Darkness Becomes Her by Kelly Keaton is the YA debut from the author previously published as Kelly Gay in adult urban fantasy. Darkness Becomes Her is paranormal meets mythology set a decade in the future in New 2, the place left behind after hurricanes have ravaged New Orleans which has subsequently been rebuilt by nine ancient families who privately purchased the city. Strange occurrences and danger are known to lurk in New 2, but that doesn't stop Ari from entering the city in search of answers about her past. Seventeen year old Ari has never belonged, she has teal eyes and silver hair that won't be cut or dyed, and after a lifetime growing up in foster care she finally learns that the person she wants answers from- her mother- killed herself right after she gave Ari up. Ari receives a box of her mother's belongings and with them comes a note, a simple message, Run. That's when she knows she has no choice but to go to New 2 and find the hospital where she was born, hopefully finding out who she really is and who is after her.
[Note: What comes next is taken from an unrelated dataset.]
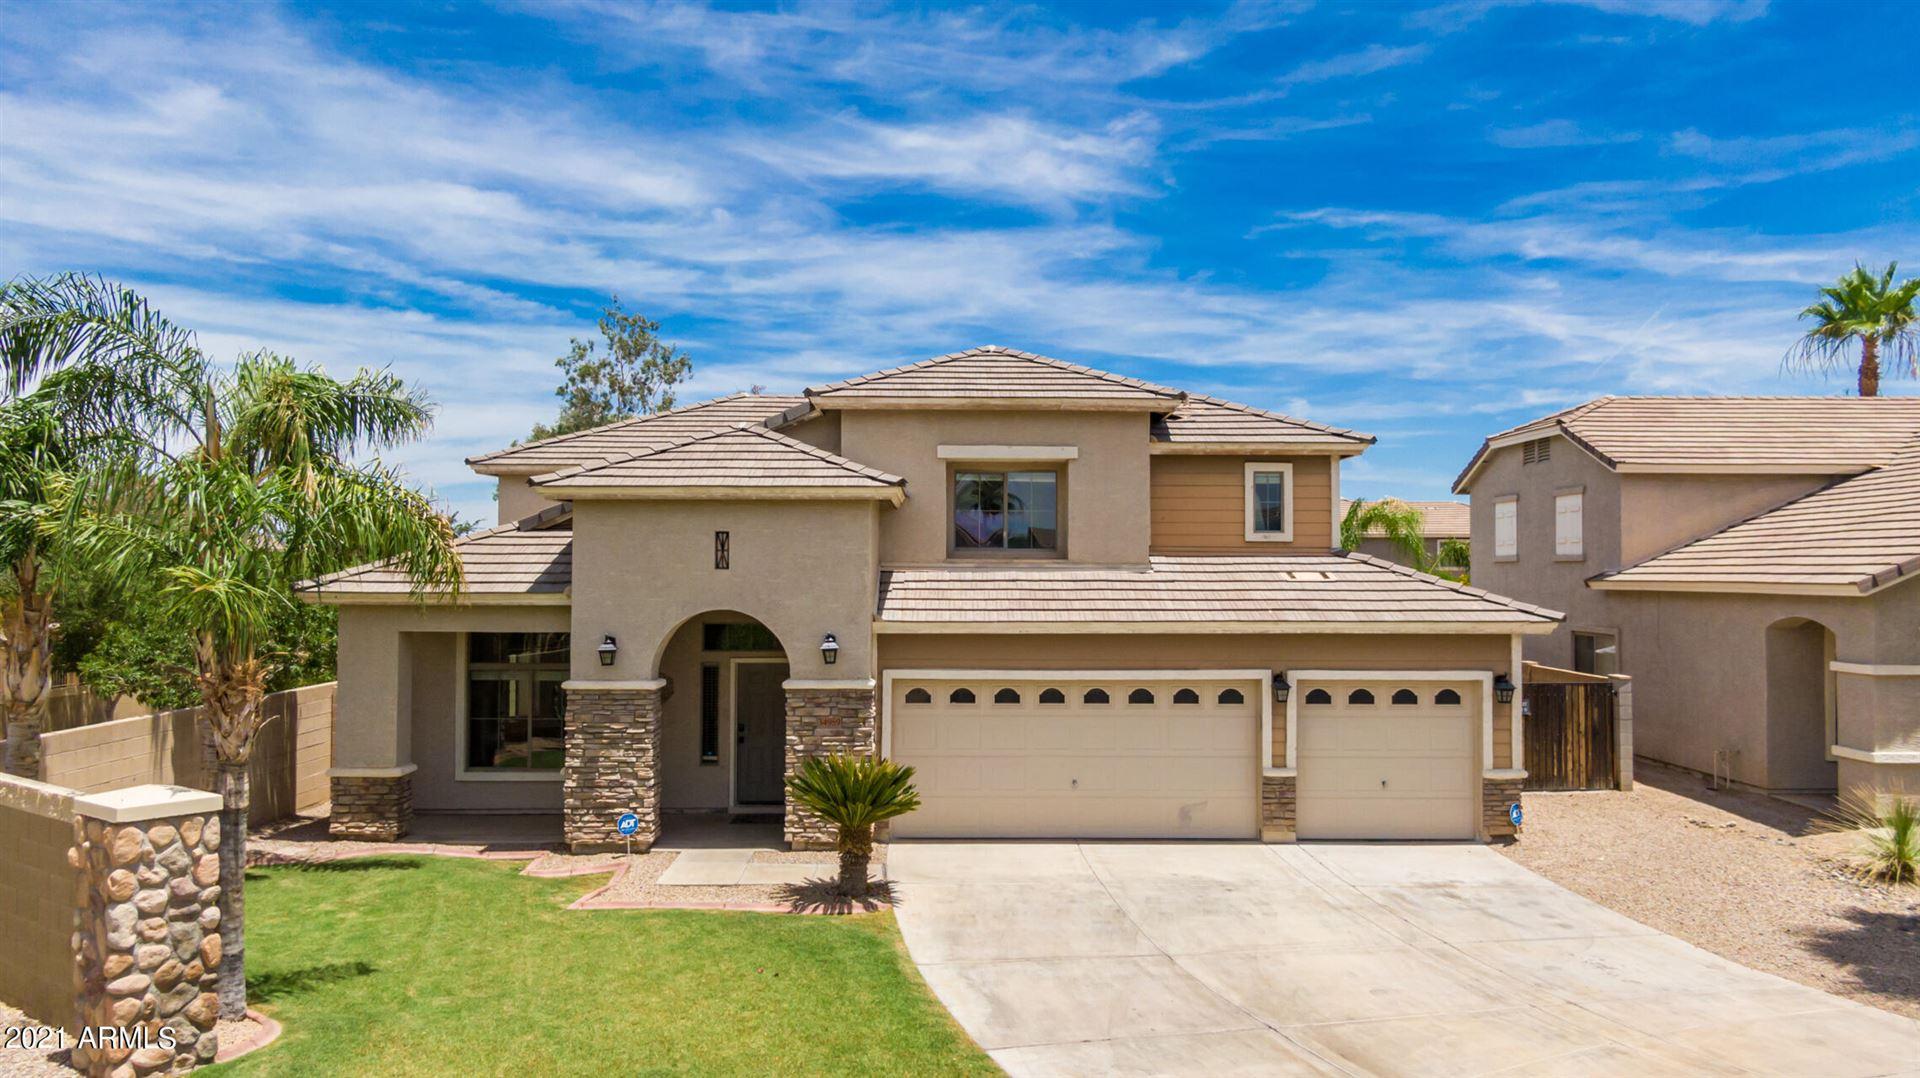 Photo of 34989 N STIRRUP Circle, Queen Creek, AZ 85142 (MLS # 6248970)

I was initially really excited by Darkness Becomes Her which manages to combine traditional paranormal characters like vampires with more unexpected Greek mythology. I also really loved the idea of this hardcore main character, Ari, who has silver hair and works part time as a bail bondsman for her foster parents and is not afraid of using a gun. Unfortunately there are many major issues with the actual novel. Most of the characters are poorly developed, and there is a rushed romance between Ari and a boy she meets in New 2, Sebastian. Keaton take time to develop tension between Ari and Sebastian, rather she has them immediately making out for unclear reasons beyond the fact that Sebastian smells good.
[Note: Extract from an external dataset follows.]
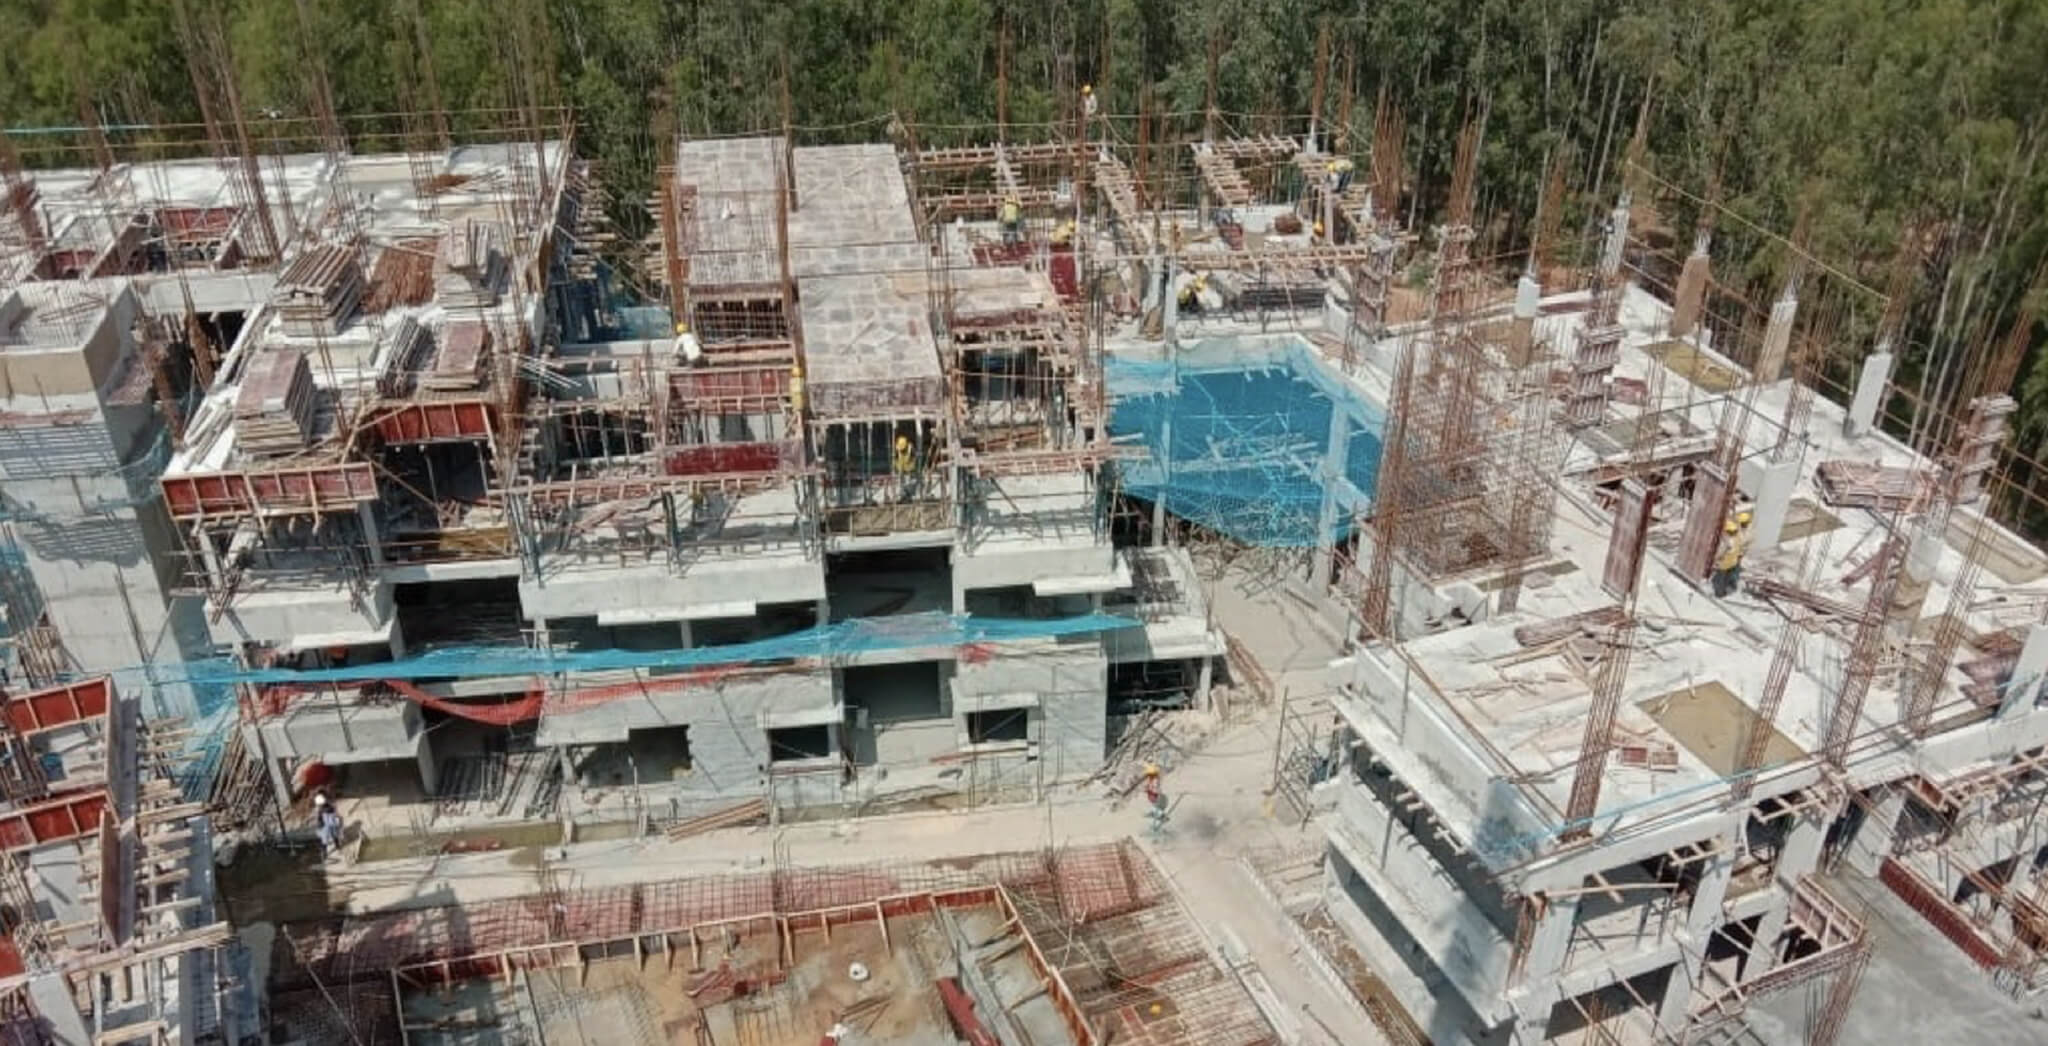 Nov 2019 - West side view: L Block—Third floor slab completed; M Block—Third floor shuttering work-in-progress; N Block—Second floor slab completed, columns work-in-progress

There is also a lot of swearing in Darkness Becomes Her, and although I don't mind profanity I don't think it's great at letting the reader know a lot about a character and in this case felt like lazy writing. For example, Ari is up against the goddess Athena, but repeatedly having Ari call her a bitch didn't make me hate her anymore, just like writing "fuck" is a terribly obvious way to let the reader know Ari's pissed off. I wish Keaton had relied slightly more on description and slightly less on profanity when telling her story, perhaps it would have resulted in richer character development which was sorely lacking.
Darkness Becomes Her is based on the intriguing premise of throwing paranormal and mythological creatures together, and although I found that concept interesting it was very poorly executed. Ari goes from living in a normal world to battling it out with the goddess Athena and she doesn't even seem that surprised that her world has been turned upside down. The biggest issue however, is that there is simply too much story for this one small book. There are too many different characters and too many plot lines. As soon as I found something I was enjoying in Darkness Becomes Her- for example, Ari's relationship with the young Violet, a girl with fangs and a pet alligator who is my favourite character by far- I was immediately tossed into another scene featuring a vampire orgy. Granted, Darkness Becomes Her is the first book in the "Gods & Monsters" series, but it felt like Keaton was trying to fit so much back story into this one novel it overwhelmed the reader, with the result being that the aspects I did enjoy didn't get the attention I felt they deserved. Ultimately, Darkness Becomes Her fails because it takes on too much, so even though it has an original concept the rushed romance and poorly developed characters mean I am unlikely to pick up the next book in this series.